Numerically solving ODEs — how to estimate the solution between the nodes?

You can then use your favorite interpolation technique. As you say, you have a bunch of points (t,x). So you can feed them to a spline routine, or a polynomial fit, or whatever. If you have some knowledge of the functional form, you can take these data points to fit the form, but it may be better to use your differential equation for that.


Take for example Runge-Kutta methods. Let $t_1$, $t_2$, etc., be the points given by the step-size of the method. Then the Runge-Kutta method not only give you the approximate solution at points $t_1$, $t_2$, etc., but also at intermediate points between, say, $t_1$ and $t_2$, depending on the order of the method. You can use these intermediate points (between $t_1$ and $t_2$, together with the endpoints $t_1$ and $t_2$) to construct an interpolation polynomial between $t_1$ and $t_2$, so that the resulting approximate solution will be a piecewise polynomial function, more general than piecewise linears, and the accuracy will as good as the accuracy of the Runge-Kutta method at the mesh points.


Remember that whatever method you use for solving $y^{\prime}=f(t,y)$, be it Runge-Kutta, Bulirsch-Stoer (extrapolative), Gear/Adams multistep, or fancier methods, one always has a triple of values $(t_i,y_i,y_i^{\prime})$ ($y_i^{\prime}=f(t_i,y_i)$) at each evaluation point. Thus, one can always do cubic Hermite interpolation across the points $(t_i,y_i)$ and $(t_{i+1},y_{i+1})$ (note that I am not assuming that the evaluation points are equispaced, as is often the case when doing adaptive solving). If the underlying method is at most third order accurate, cubic Hermite is a good choice.

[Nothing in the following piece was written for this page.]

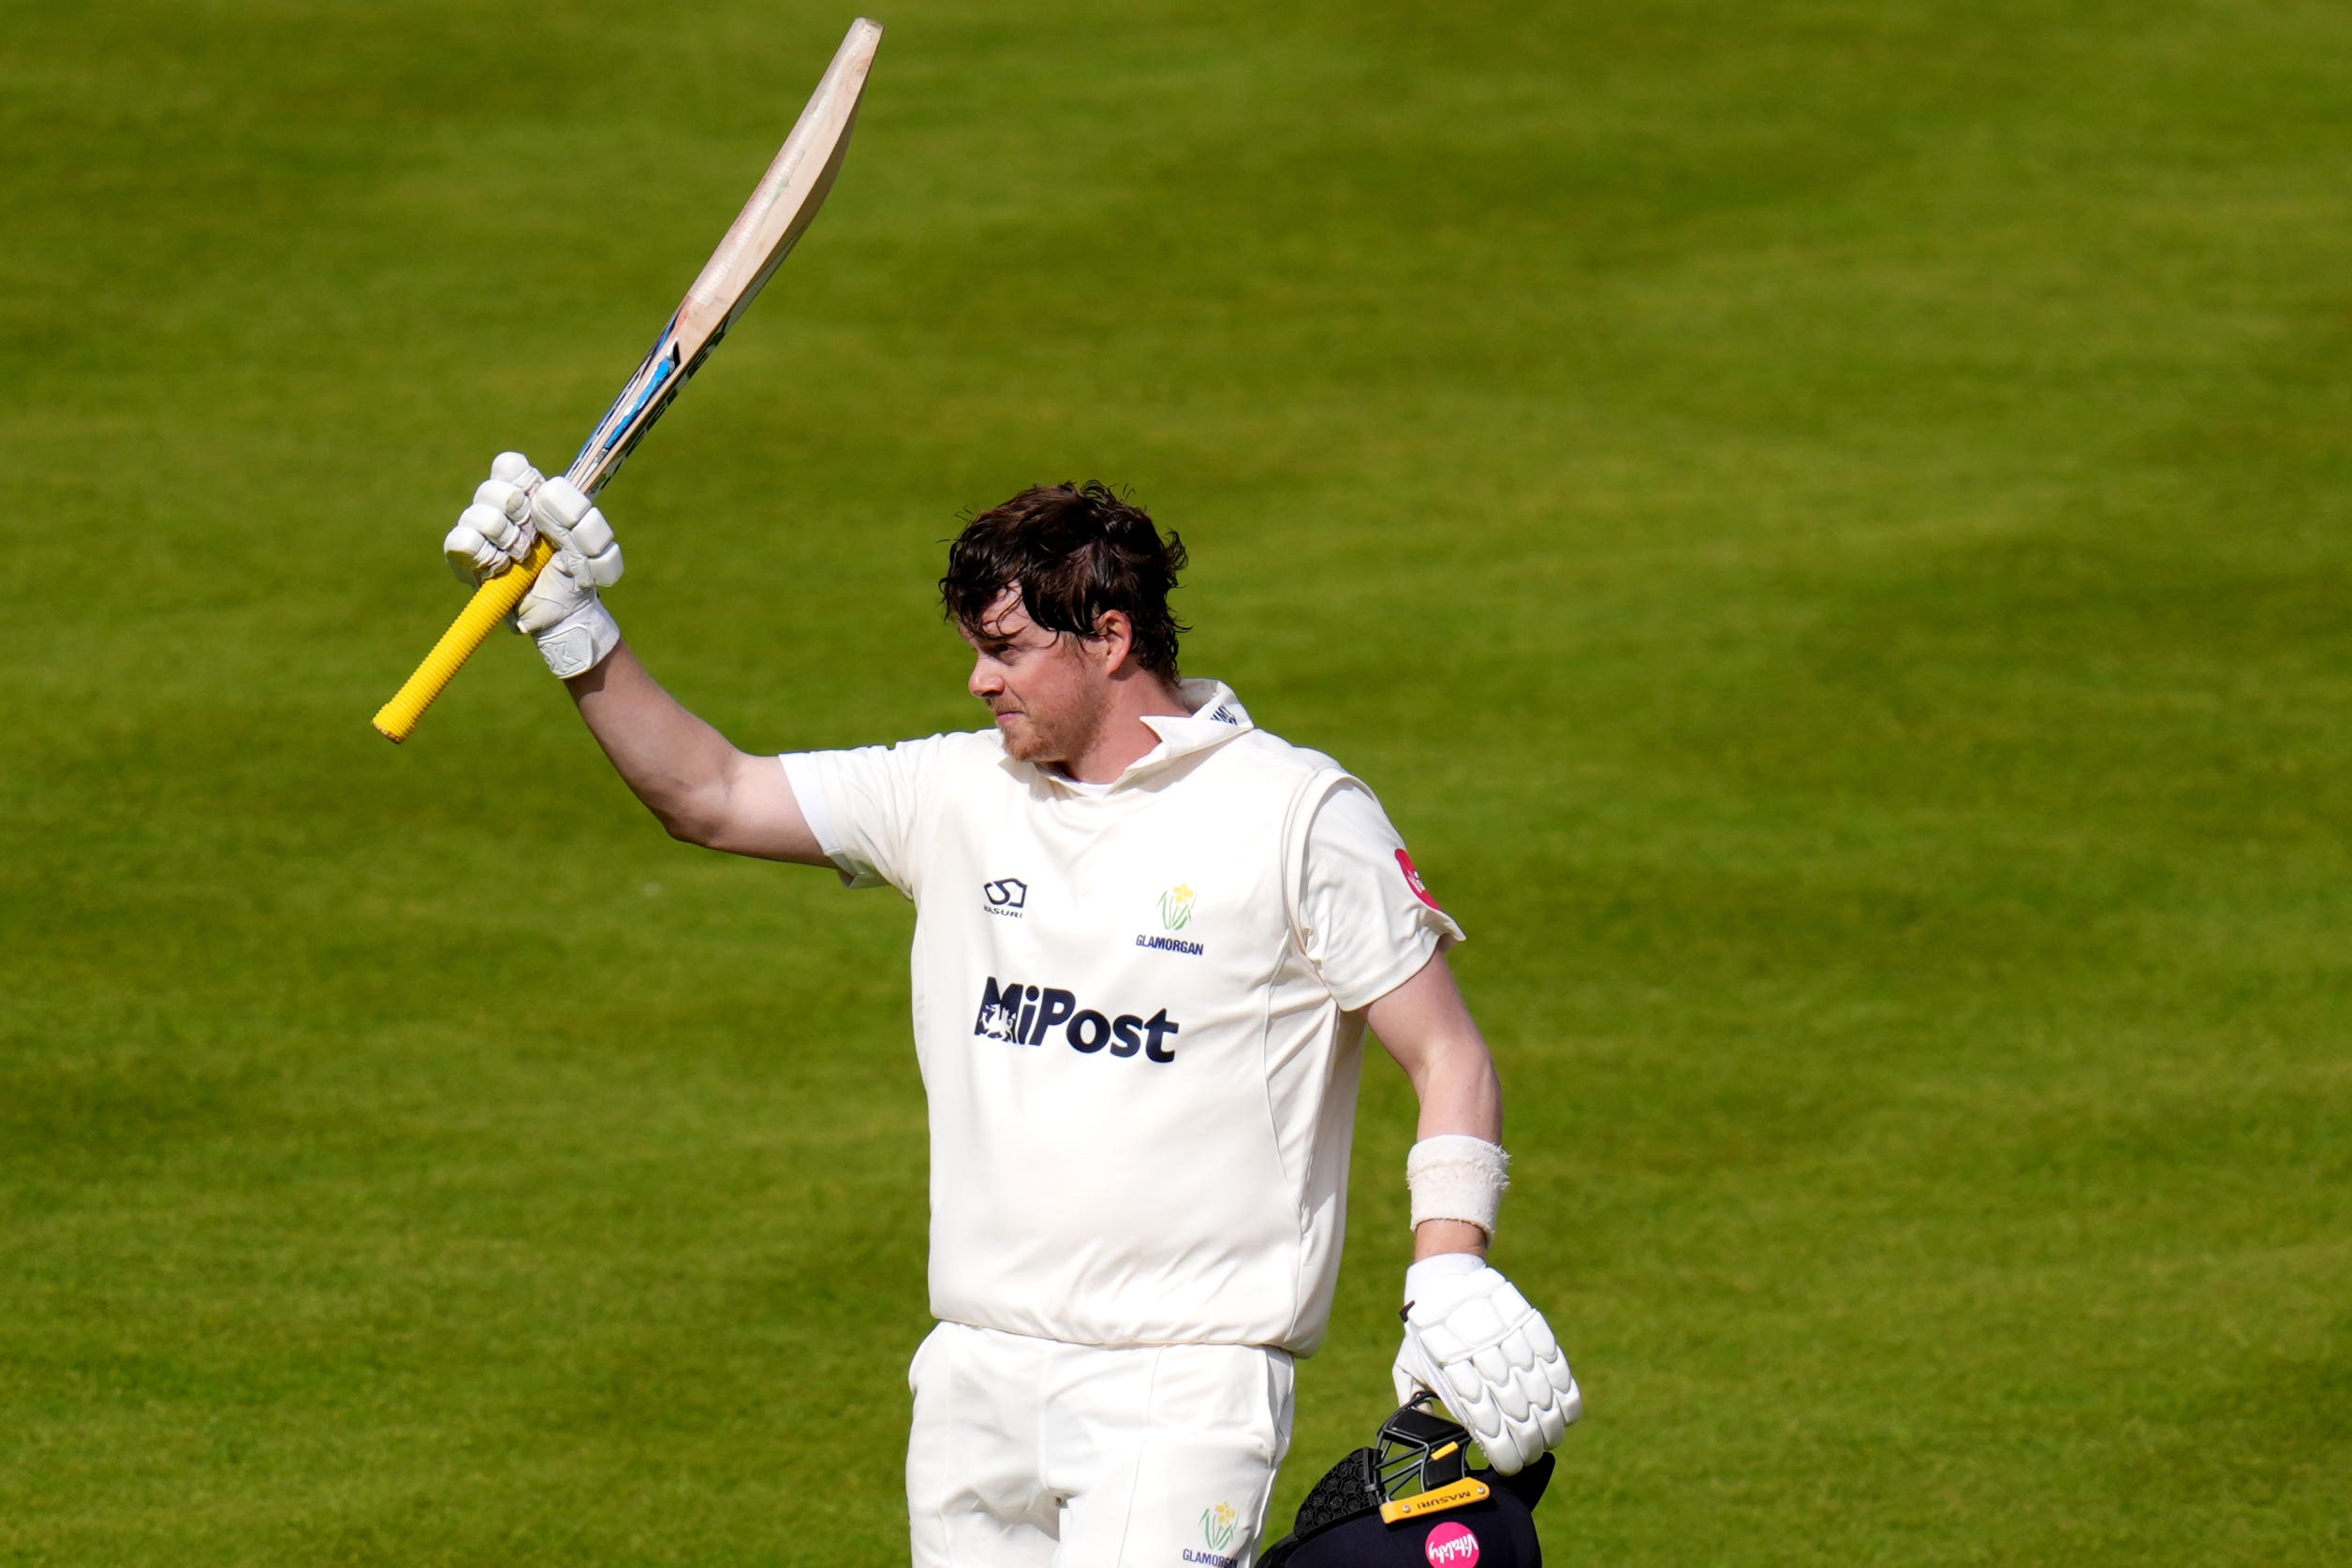 Northeast scored 335 not out as Glamorgan punished Middlesex

Now, the upshot is that modern implementations of DE solvers always support so-called "dense output"; briefly, associated with a method with $p$th order "accuracy" (in quotes since "high order doesn't always imply high accuracy" ;) ) has with it an associated $p$th order interpolating function. To use my favorite example, the $(4,5)$ adaptive Runge-Kutta solver based on the Dormand-Prince coefficients has with it an associated fifth order interpolating function. The special properties inherent in the coefficients allow the existence of an associated interpolating function with the same order of "accuracy"; in general, not all Runge-Kutta coefficients will have an associated "nice" interpolating function (but again, one can always do cubic Hermite).

I could say more, but the books by Hairer/Nørsett/Wanner have an extensive discussion on dense output (and they say it better than what I can hope to say), as well as usable routines (also available within the site). You would do well to study them.